**** Available data ****

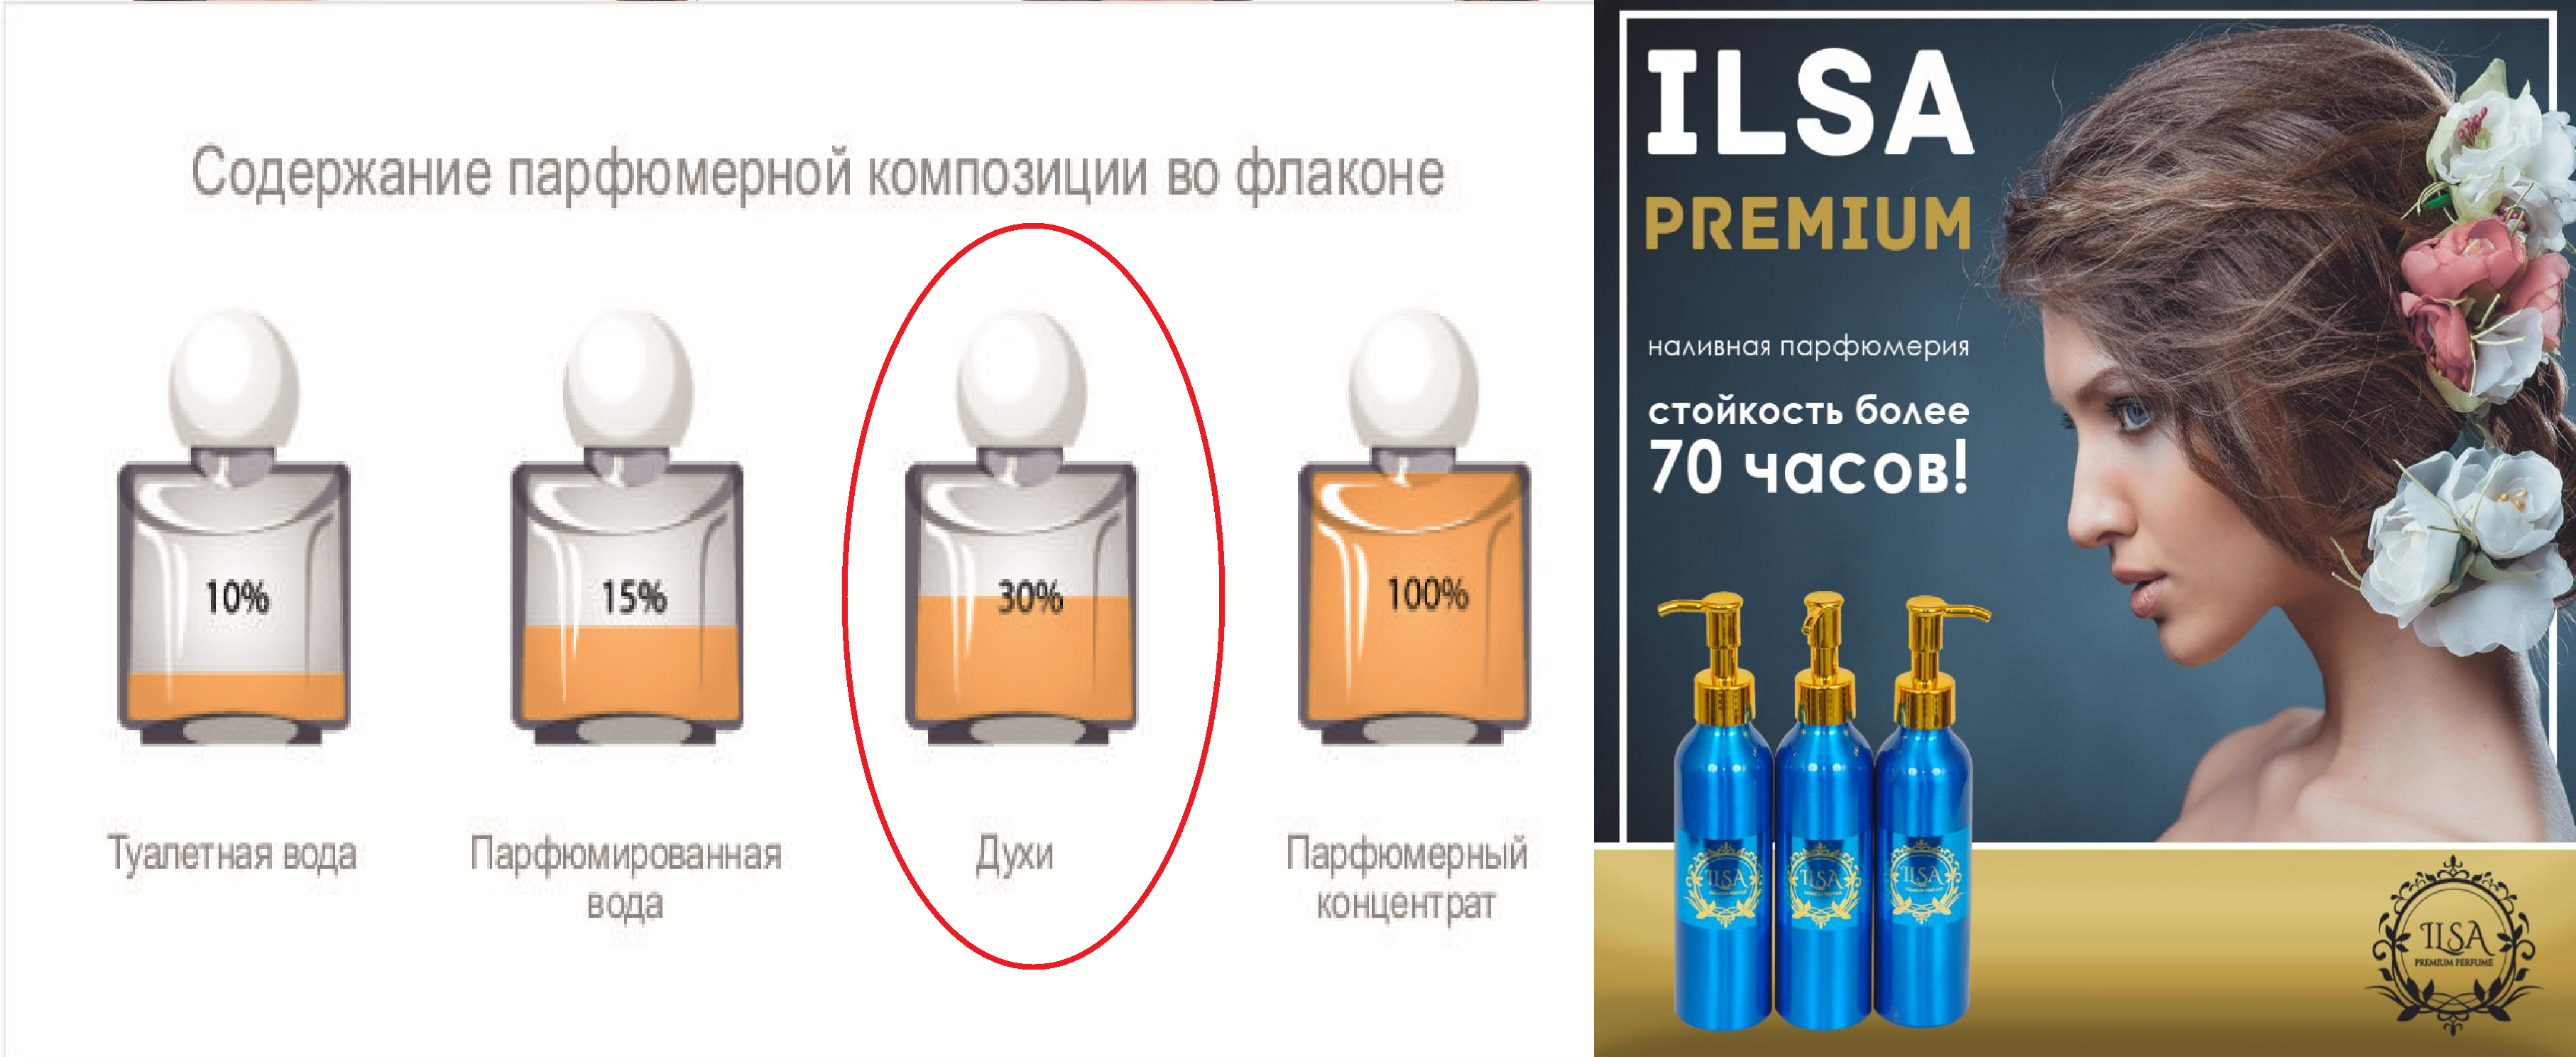 Ilsa -Premium ! 30%   ().  70  !24
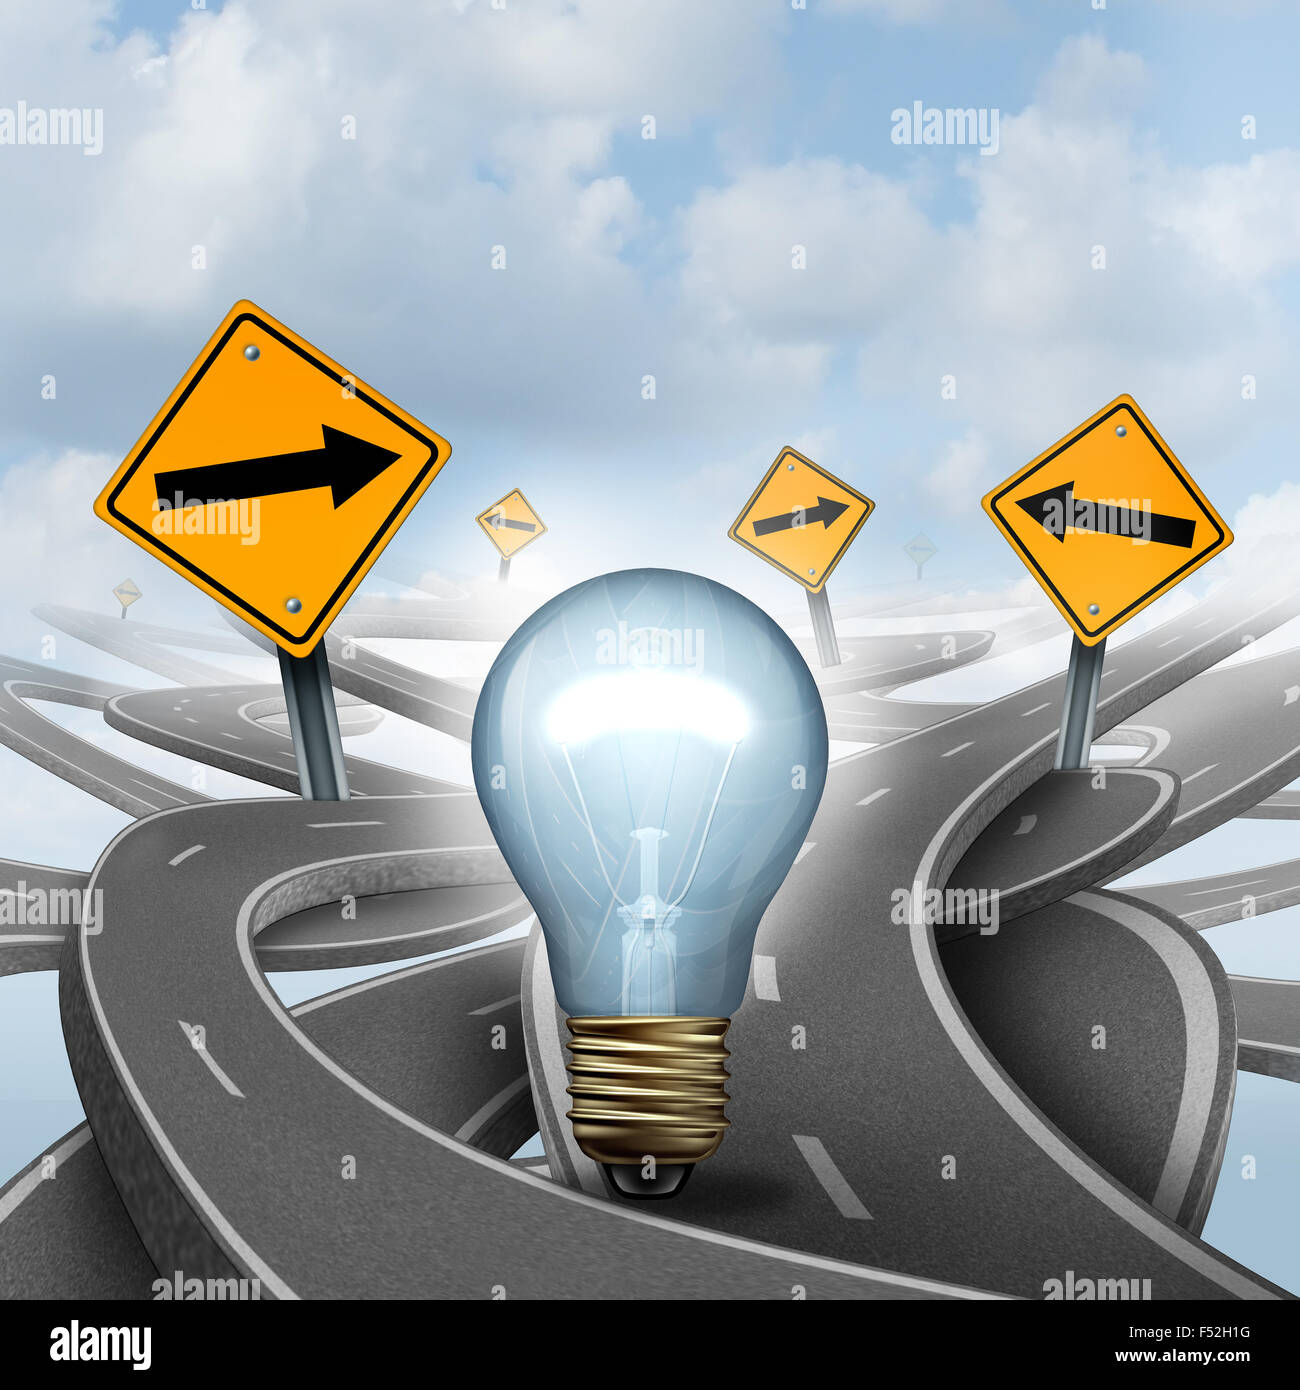 Idées stratégiques concept comme un symbole d'affaires avec une ampoule ampoule ou choisir la bonne voie stratégique pour une nouvelle méthode créative avec des flèches de signalisation jaune et les routes et autoroutes emmêlées dans un sens confus. Banque D'Images
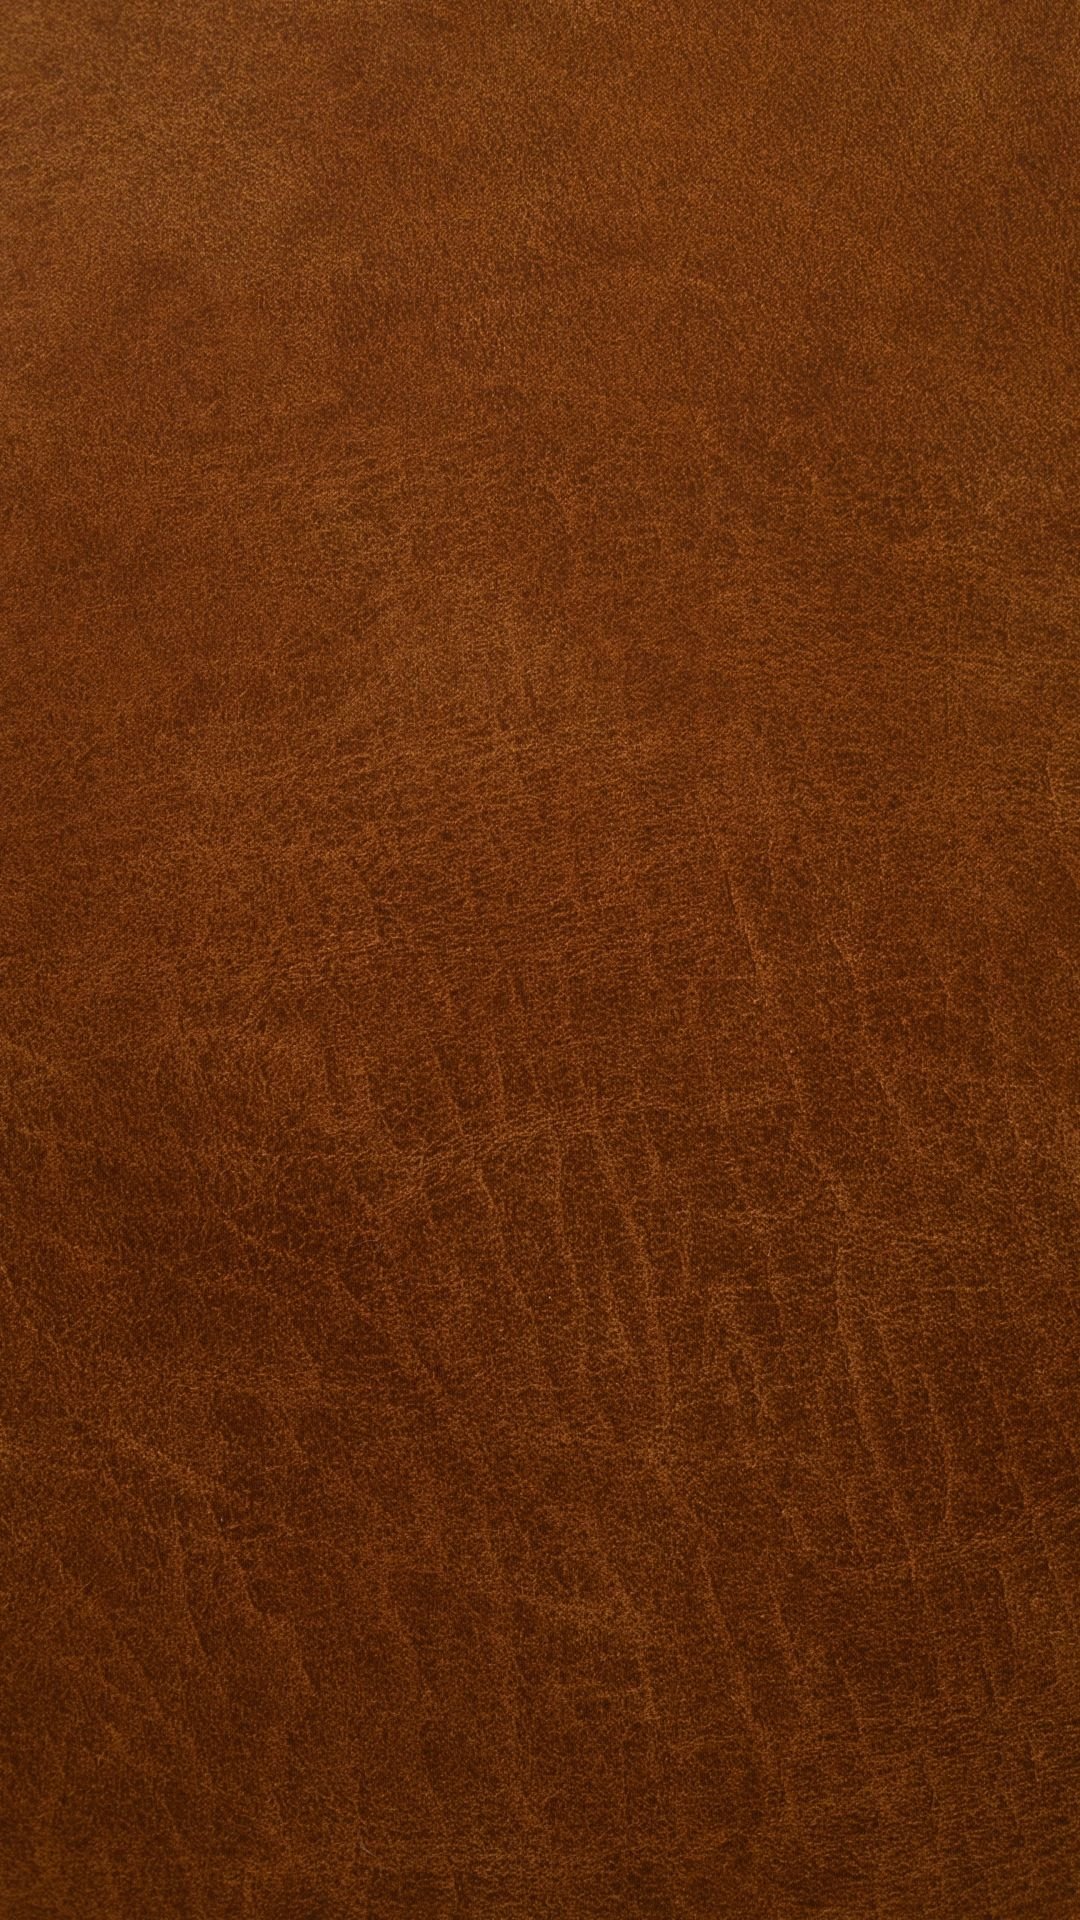 Brown Aesthetic Wallpaper 1

****

▶ Your objective:
Skip all pictures. Write out only the lines from the one containing "Idées stratégiques concept" to the end of the listing above, inclusive, exactly as given.

▶ Solved problem:
 Idées stratégiques concept comme un symbole d'affaires avec une ampoule ampoule ou choisir la bonne voie stratégique pour une nouvelle méthode créative avec des flèches de signalisation jaune et les routes et autoroutes emmêlées dans un sens confus. Banque D'Images
 Brown Aesthetic Wallpaper 1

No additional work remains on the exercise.